Centre of Community Medicine & HIV Outpatient Clinic, Verona, Italy.
AIDS. 2011 Oct 23;25(16):1993-2004. doi: 10.1097/QAD.0b013e328349c6ee.
The use of abacavir (ABC) has been associated with an increased risk of cardiovascular disease in some cohort studies. However, no excess risk of myocardial infarction (MI) with ABC therapy has been observed in individual randomized clinical trials (RCTs) and in the aggregated clinical trials database maintained by the manufacturer of ABC.
To combine all the evidence from RCTs by means of meta-analysis to estimate the effect of combined antiretroviral therapy (cART) containing ABC on MI and overall major cardiovascular events (CVEs).
Primary outcomes included MI, CVE, adverse events requiring discontinuation of treatment, and overall mortality. We used a conventional Mantel-Haenszel method, with risk ratio and 95% confidence intervals (CIs) or, in the presence of heterogeneity, a random-effect model.
Data were from 28 primary RCTs (9233 participants) comparing ABC-containing cART (4376 participants) to other regimens not containing ABC (4857 controls). MI data were available from 18 trials (31 episodes in 7054 patients) and CVE data from 20 trials (79 episodes in 7899 patients). Compared to the controls, ABC use did not increase significantly the occurrence of MI (risk ratio 0.73, 95% CI 0.39-1.35; P = 0.31), CVE (risk ratio 0.95, 95% CI 0.62-1.44; P = 0.80), overall mortality (risk ratio 1.20, 95% CI 0.63-2.27; P = 0.58), and adverse events requiring discontinuation of treatment (risk ratio 0.82, 95% CI 0.67-1.00; P = 0.05).
This meta-analysis of RCTs does not support the hypothesis that ABC-containing cART regimens carry a greater risk of MI or major cardiovascular events relative to comparator cART.
一些队列研究表明,使用阿巴卡韦(ABC)与心血管疾病风险增加相关。
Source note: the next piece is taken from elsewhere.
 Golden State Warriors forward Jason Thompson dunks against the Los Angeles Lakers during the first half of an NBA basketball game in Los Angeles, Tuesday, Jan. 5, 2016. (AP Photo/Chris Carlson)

然而,在个别随机临床试验(RCT)和 ABC 制造商维护的汇总临床试验数据库中,并未观察到 ABC 治疗与心肌梗死(MI)风险增加相关。
通过荟萃分析综合所有 RCT 的证据,估计包含 ABC 的联合抗逆转录病毒治疗(cART)对 MI 和总体主要心血管事件(CVE)的影响。
主要结局包括 MI、CVE、需要停药的不良事件和总体死亡率。我们使用传统的 Mantel-Haenszel 方法,计算风险比和 95%置信区间(CI),或在存在异质性时使用随机效应模型。
数据来自 28 项比较包含 ABC 的 cART(4376 名参与者)与不包含 ABC 的其他方案(4857 名对照)的主要 RCT(9233 名参与者)。MI 数据来自 18 项试验(7054 名患者中的 31 例),CVE 数据来自 20 项试验(7899 名患者中的 79 例)。与对照组相比,ABC 治疗并未显著增加 MI 的发生风险(风险比 0.73,95%CI 0.39-1.35;P = 0.31)、CVE(风险比 0.95,95%CI 0.62-1.44;P = 0.80)、总体死亡率(风险比 1.20,95%CI 0.63-2.27;P = 0.58)或需要停药的不良事件(风险比 0.82,95%CI 0.67-1.00;P = 0.05)。
这项 RCT 的荟萃分析不支持包含 ABC 的 cART 方案比对照 cART 方案具有更高的 MI 或主要心血管事件风险的假设。